Of course, matching exact strings to themselves is a trivial implementation of regular expressions, and doesn't begin to reveal their power. What if instead of foo you wanted to find all words starting with the letter f, or all three letter words? Now you've gone beyond what literal strings can do—it's time to learn some more about regular expressions. Below is a sample literal expression and some inputs it would match.
Pattern |
Inputs (Matches) |
foo |
foo, food, foot, "There's evil afoot." |
Quantifiers
Quantifiers provide a simple way to specify within a pattern how many times a particular character or set of characters is allowed to repeat itself. There are three non-explicit quantifiers:
- *, which describes "0 or more occurrences",
- +, which describes "1 or more occurrences", and
- ?, which describes "0 or 1 occurrence".

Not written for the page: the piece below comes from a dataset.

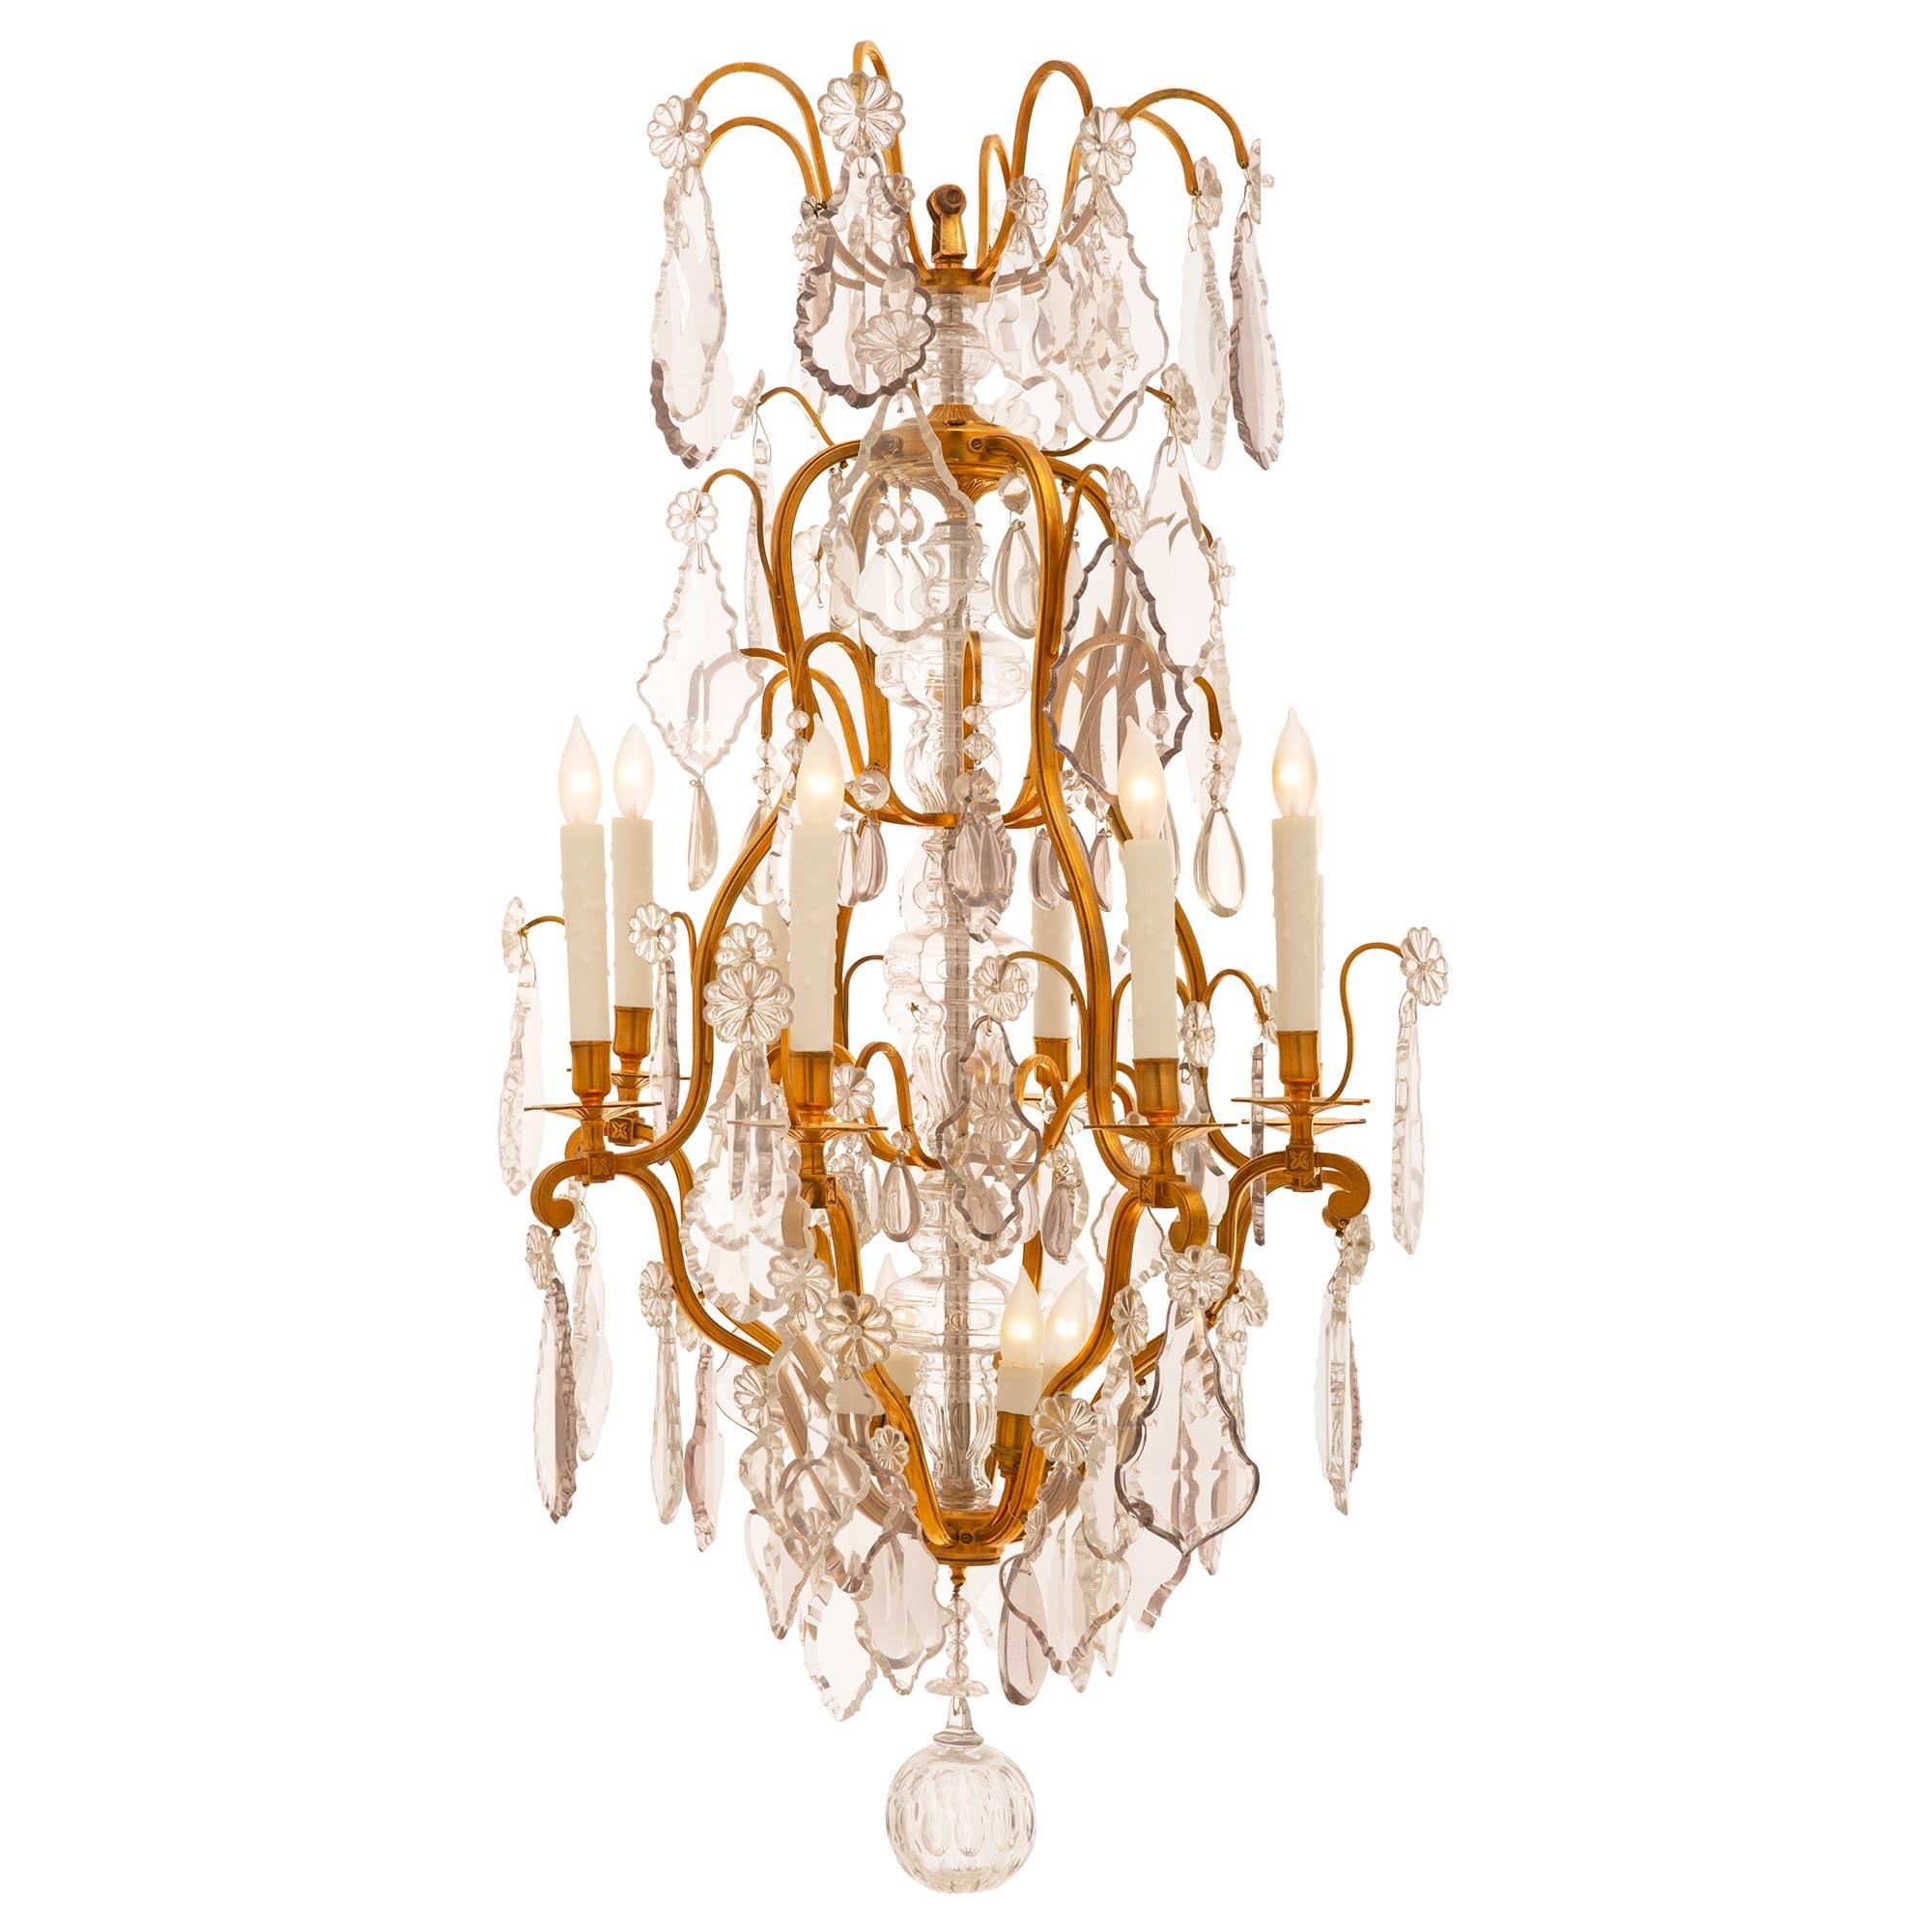 An exceptional French 19th century Louis XV st. Baccarat crystal and ormolu chandelier. The eight arm twelve light chandelier is centered by a beautiful cut crystal ball below the elegantly scrolled cage adorned with a stunning array of clear,

Quantifiers always refer to the pattern immediately preceding (to the left of) the quantifier, which is normally a single character unless parentheses are used to create a pattern group. Below are some sample patterns and inputs they would match.
Pattern |
Inputs (Matches) |
fo* |
foo, foe, food, fooot, "forget it", funny, puffy |
fo+ |
foo, foe, food, foot, "forget it" |
fo? |
foo, foe, food, foot, "forget it", funny, puffy |
In addition to specifying that a given pattern may occur exactly 0 or 1 time, the ? character also forces a pattern or subpattern to match the minimal number of characters when it might match several in an input string.

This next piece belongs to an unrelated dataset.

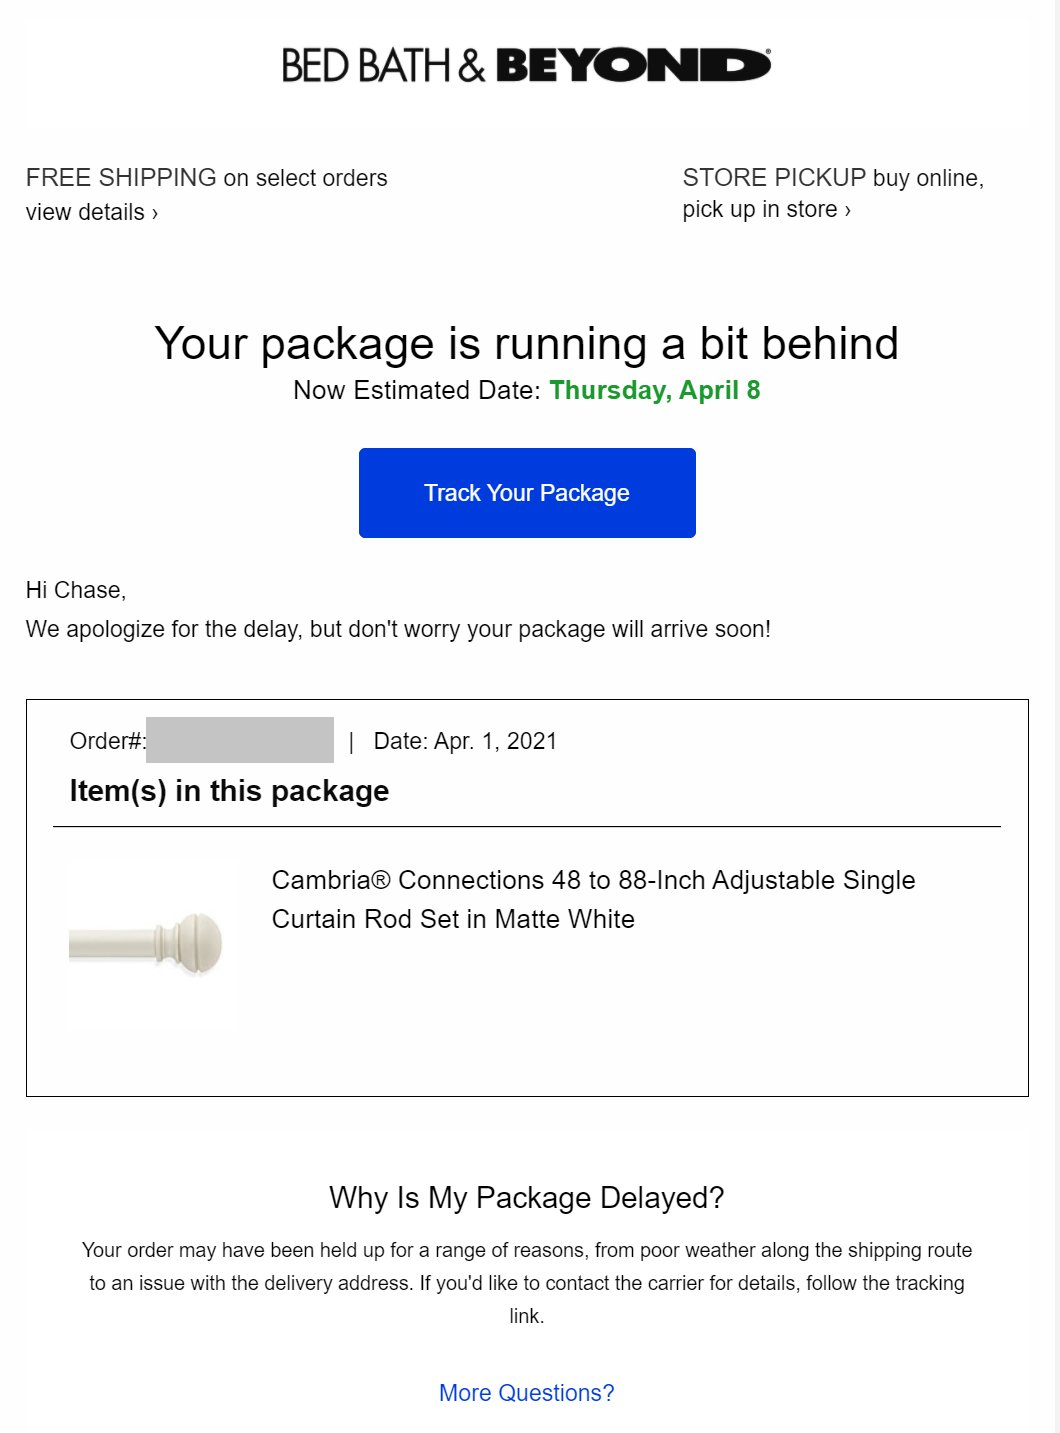 Bed Bath & Beyond Delayed Shipment Notification Durable Goods Email Template

In addition to the above non-explicit quantifiers (generally just referred to as quantifiers), there are also explicit quantifiers. Where quantifiers are fairly vague in terms of how many occurrences there may be of a pattern, explicit quantifiers allow an exact number, range, or set of numbers to be specified. Explicit quantifiers are positioned following the pattern they apply to, just like regular quantifiers. Explicit quantifiers use curly braces {} and number values for upper and lower occurrence limits within the braces. For example, x{5} would match exactly five x characters (xxxxx). When only one number is specified, it is used as the upper bound unless it is followed by a comma, such as x{5,}, which would match any number of x characters greater than 4. Below are some sample patterns and inputs they would match.
Pattern |
Inputs (Matches) |
ab{2}c |
abbc, aaabbccc |
ab{,2}c |
ac, abc, abbc, aabbcc |
ab{2,3}c |
abbc, abbbc, aabbcc, aabbbcc |
Metacharacters
The constructs within regular expressions that have special meaning are referred to as metacharacters. You've already learned about several metacharacters, such as the *, ?, +, and { } characters. Several other characters have special meaning within the language of regular expressions. These include the following: $ ^ . [ ( | ) ] and \.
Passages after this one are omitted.